I am using JChemSearch class to do my similarity searches. I would like to see the top 100 results. Now that the searcher has deprecated setSimilarityThreshold, I have to use setDissimilarityThreshold. Now the issue is this. When I get a result set of about 100 hits for dissimilarity threshold of 0.3, the searcher orders them starting at 0.3 and below. When translated into a similarity search (similarity threshold of 0.7), this would mean that the searcher gives me 100 compounds 0.7 and above. On the contrary, I'ld like to see the results order them 1.0 and below but not less than 0.7
So if there were abt 500 compounds that had a similarity threshold of 0.7, with 100 between 1.0 and 0.9, 200 between 0.9 and 0.8 and 300 between 0.8 and 0.7, then I get the last 100, that's closer to 0.7. However, i am expecting to see those 100 between 1.0 and 0.9.
Is there a way that I can reverse this order, so that I get the most similar compounds in my result set instead of the least similar, when I restrict my max hits value to being less than unlimited
The hits are always returned in increasing order of dissimilarity.
This means that the most similar compounds of the hit list will appear first.
If you specify a max hit count, the searcher may collect enough hits and stop even before processing the whole table.
So you will see only those structures that have been found so far.
Of course they will appear in correct order.
If you want the results to start with the most similar structure from the whole table, you must always set the maximum result count to unlimited.
Hmm.. isn't that a paradox? So, if I wanted to see the top 100 similar compounds in a set of 500 hits, I wouldn't be able to see them by restricting my hits to 100. My understanding of restricting max hits to a certain value (say 100) is to give the top 100 hits.
I admit that probably it's more logical to always give back the top hits, maybe we will modify our code accordingly in the future.
This change means that the whole table is processed for every similarity search.
This is not a problem for normal similarity search (since it's very fast), but
can increase the expected search time for Molecular Descriptor (e.g. pharmacophore) similarity.
We will examine whether this change can cause any problems in existing JChem based systems.
We have decided we will implement the mentioned modification from JChem 3.1 (the next major release).
Thanks Szilard. We appreciate your thoughts
I am trying to get the similarity scores associated with the returned list of a JChemSearch. Let's assume I got a 100 compound, if I do the following,
float  scores = searcher.getDissimilarity();
Does the array "scores" contain the 100 scores?
Yes, the call will return the dissimilarity values.
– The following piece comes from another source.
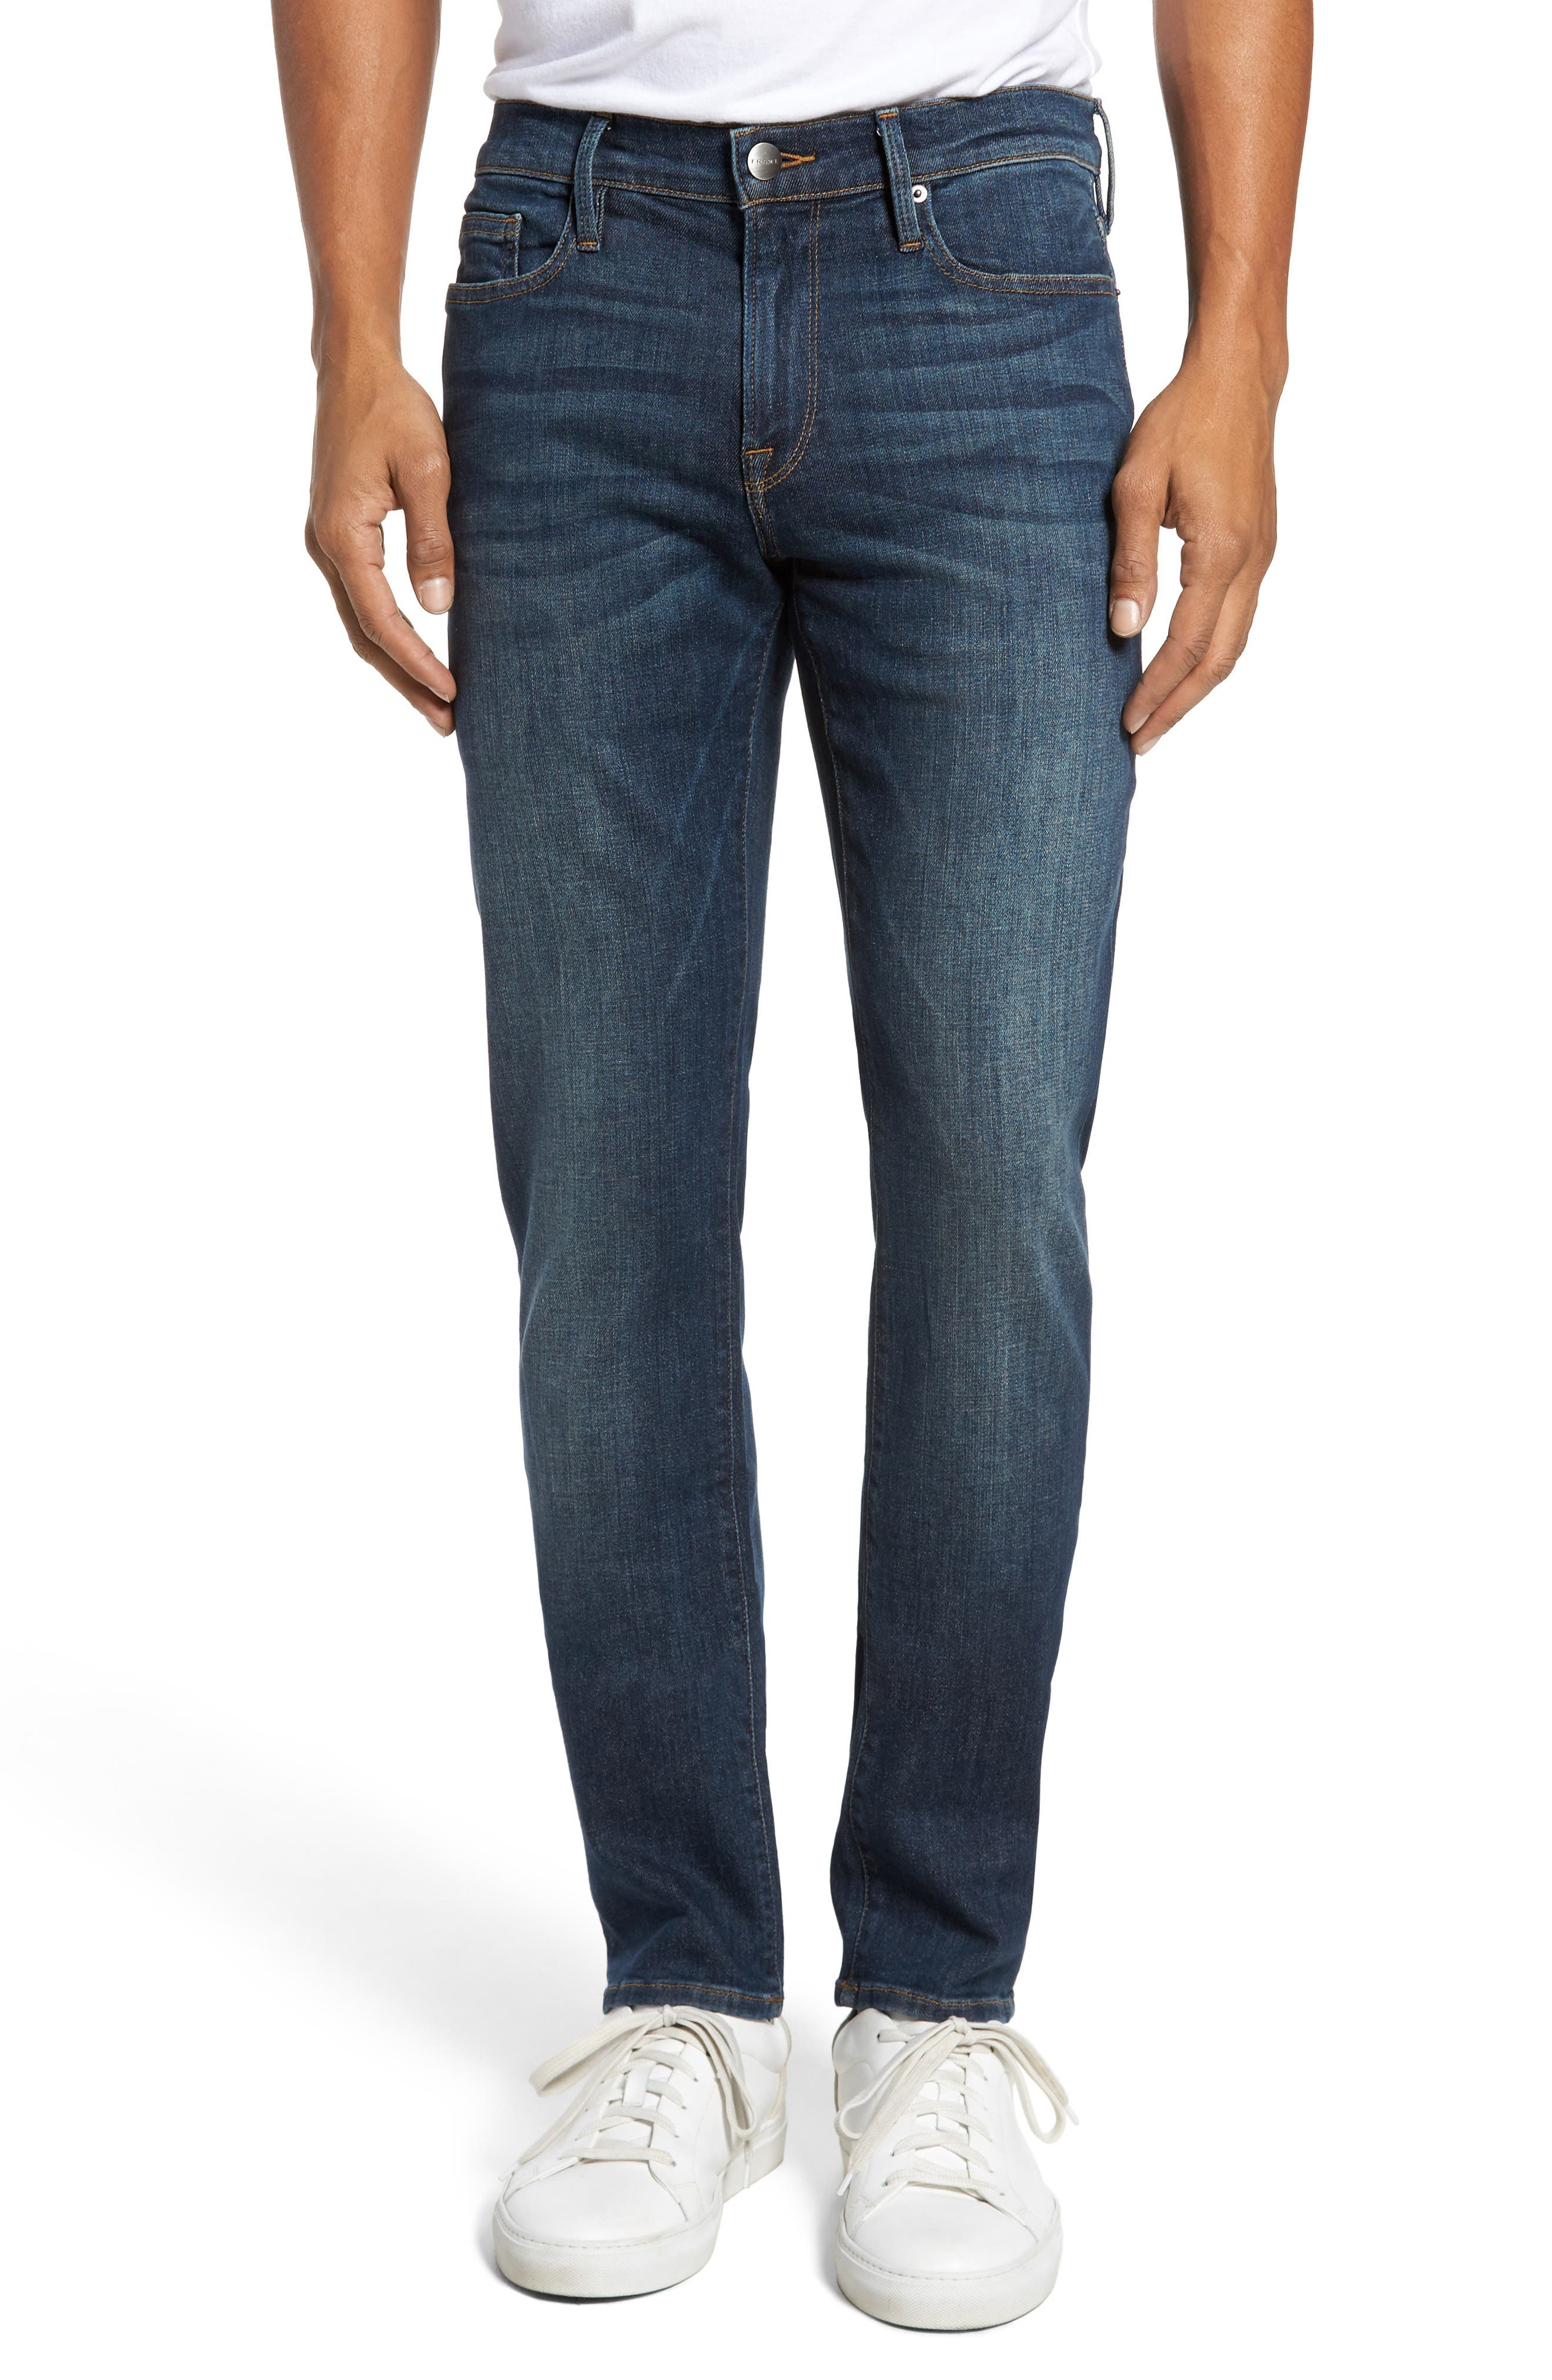 FRAME L'Homme Slim Fit Jeans (Midway Park)

The size and the order of the array will match the size of the result array, therefore you will get 100 dissimilarity scores indeed.
Please beware, that if you need the 100 most similar cd_id values and scores from a structure table, you have to set the maximum result count to unlimited (default), and use the first 100 values from the larger result set.
If you specify 100 for maxResultCount, the search will stop after finding 100 compounds that are similar enough to match the specified similarity threshold, these may not be the most similar ones.
In the discussion above I have stated that this behavior will change from JChem 3.1.
After a second review we have found that the mentioned change could indeed cause unexpected problems in existing programs based on JChem, so we will not change the behavior after all.
We will better document the proper method of usage, so it won't be a problem after all.
Thanks, Szilard. I will keep your suggestion in mind while using the function.